Peningkatan Hiperparameter Framework Deep Learning VGG-16 untuk Pendeteksian Tumor Otak pada Teknologi MRI

Alamsyah, Alamsyah (Unknown)
Aulia, Ahmad Bagas Aditya Ilham (Unknown)



Article Info

Publish Date
17 Oct 2024

Abstract

Detection of human brain tumors through medical images still has limitations, so an accurate method is needed. This study aims to improve the ability of the modified VGG-16 model through hyperparameter adjustment in detecting human brain tumor MRI images. The dataset used comes from the Brain MRI Tumor Dataset on Kaggle, with four categories of brain tumors. The VGG-16 model was adjusted to improve accuracy, adjust brightness and contrast in data augmentation, and add a classification layer. Hyperparameters set include learning rate, batch size, epoch, and optimizer.
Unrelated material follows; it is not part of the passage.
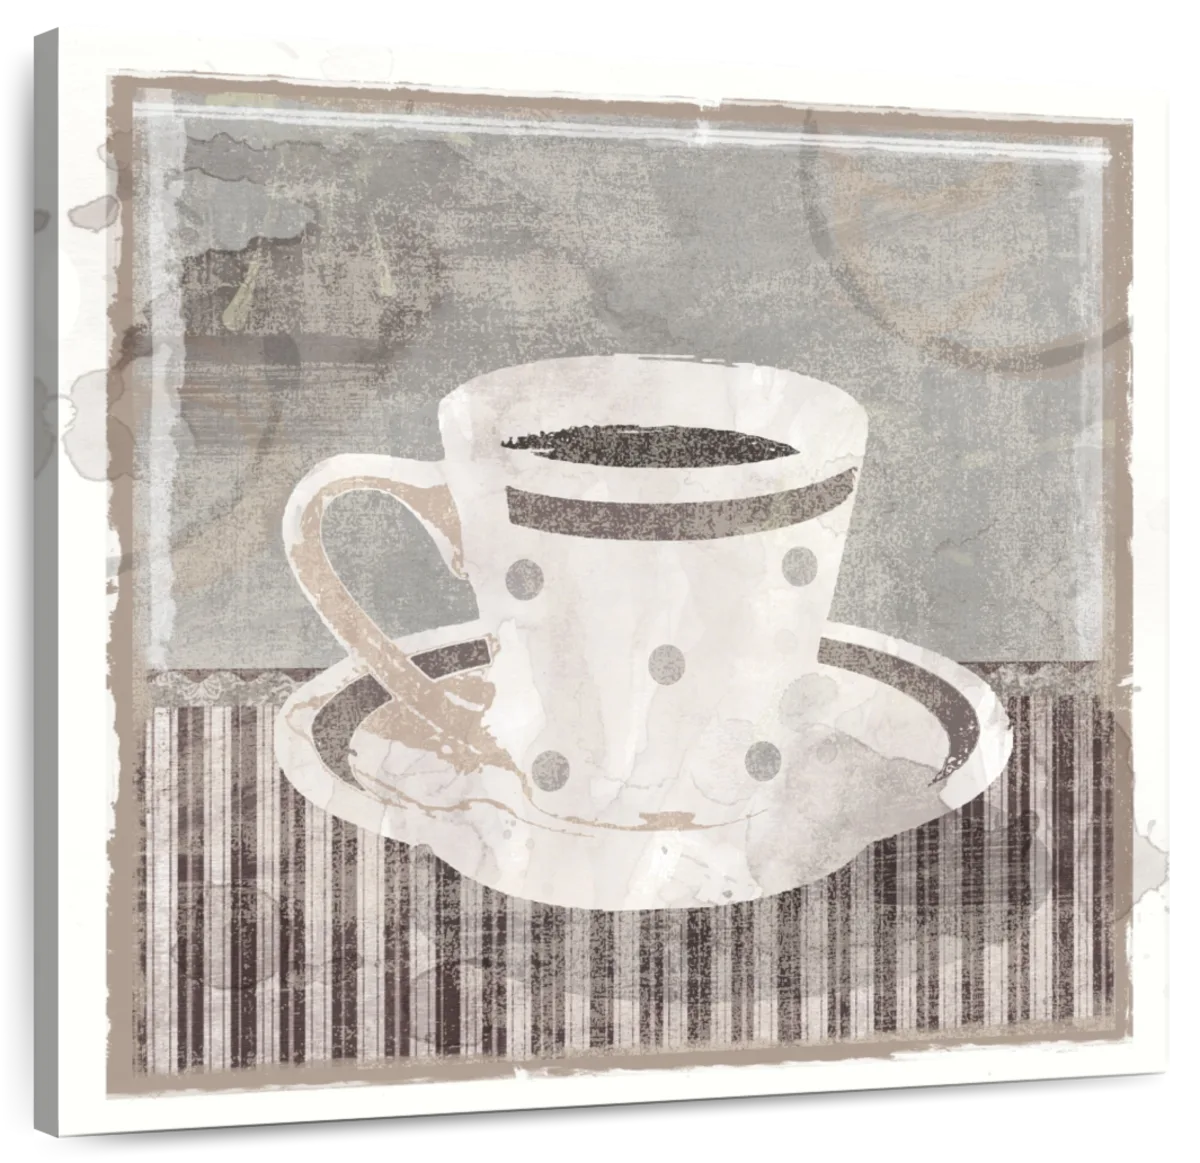 https://cdn.shopify.com/s/files/1/1568/8443/products/qjp_art_4kd_layout_1_square_simple-cup-i-wall-art.webp?v=1669144539

The results showed an accuracy of 95.63%, precision 95.69%, recall 95.58%, and F1 score 95.57%. The applied model shows potential in improving the accuracy and efficiency of brain tumor diagnosis using MRI technology. Thus, the modification of the VGG-16 model in this study provides improved performance in brain tumor MRI image detection compared to previous studies.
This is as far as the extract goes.